Sleigh boards a UN plane for Somalia to discover for himself why people risk life and limb to flee. Mogadishu, once termed the most lawless town on Earth (“a place where the average lifespan of a person was reputed to be 17 minutes from the airport to the city centre if you lacked an armed escort”) proves to be terrifying and sobering, eye-opening and mind-altering.

Two other essays complete a perfect quartet. In the book’s eponymous piece – its title the translation of “Mesopotamia” – Sleigh describes teaching writing workshops in Baghdad and Basra in 2014 and the way the experience changed how he viewed Iraq and literature.

In the fourth essay, Sleigh ingeniously intercuts mocked-up medieval Arab tales with real-life stories from the Syrian refugees he met with in Jordan. So ends the book’s first section which is worth the cover price alone. The second part contains essays which look at poetry as an adequate artistic response to violence, state-sanctioned or otherwise.

The third and final part consists of personal work – replayed childhood episodes, early-career Mexican adventures, highlights from a 30-year-friendship with Seamus Heaney – and analysis of what makes Texas-born Sleigh tick.

As a journalist he says he is driven by a need to see things for himself – to cut through “the haze of media-spawned fantasies”, and escape “a hell of abstractions, of canned images, of jabbering, competing ideologies.” This motivation is commendable and it pays dividends, for the best essays here those that relay what he saw and heard on his travels.
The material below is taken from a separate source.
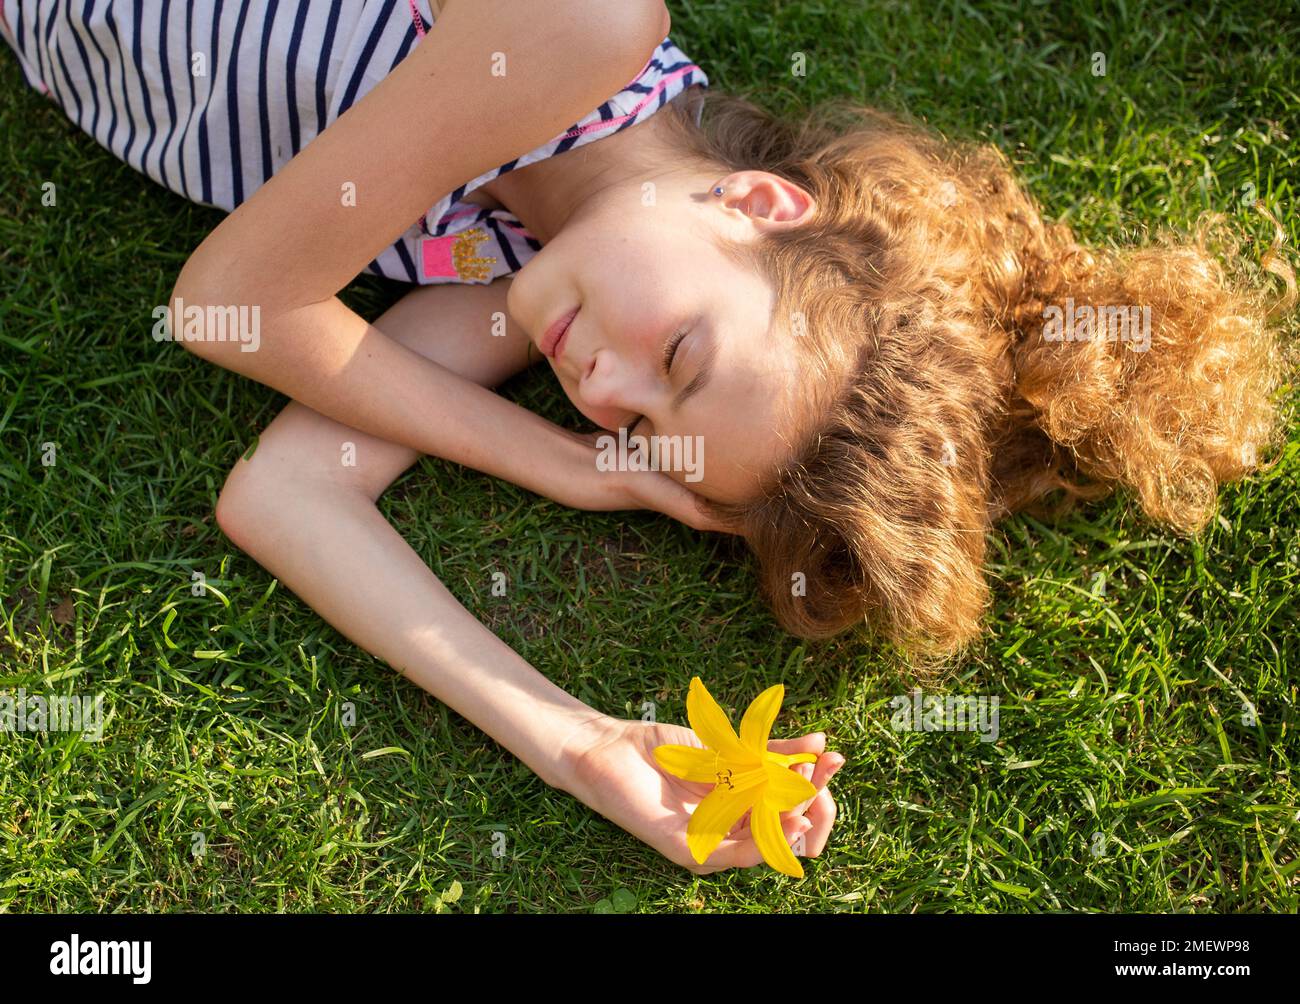 Ein süßes Mädchen mit 11-12 Jahren schläft an einem sonnigen Tag auf grünem Gras. Erholen Sie sich im Sommer in der Natur. Tag der Erde. Unachtsamkeit, Harmonie, Idylle, Gelassenheit. Sunba Stockfoto

His many unfiltered observations expertly evoke hardship and chaos. His candid testimonies from aid workers and translators, victims and witnesses, painfully convey the human cost of war.

A UN rep reveals that in refugee camps no one reports a death as that means one less mouth to feed and reduced rations. One woman says she will starve to save her children. Another woman grew so tired carrying both her children that she was forced to leave the heavier one behind.

There is tragedy within these pages but also flashes of humanity, sly comedy and a good deal of poetry. Every essay quotes several poets’ work or wisdom. In one piece Sleigh reads Heaney in the Libyan desert; in another he compares the way Anna Akhmatova aimed blows at Stalin in her verse with how the Libyan poet Ashur Etwebi targeted Gaddafi.

Sleigh says he is only afraid before visiting a conflict zone. In a refugee camp, talking to people, that dread subsides: “I’m so focused on listening that there’s no room for fear.” That fearlessness and focused listening have created some powerful essays which enlarge our understanding of both the role of the writer and the extent of a humanitarian crisis.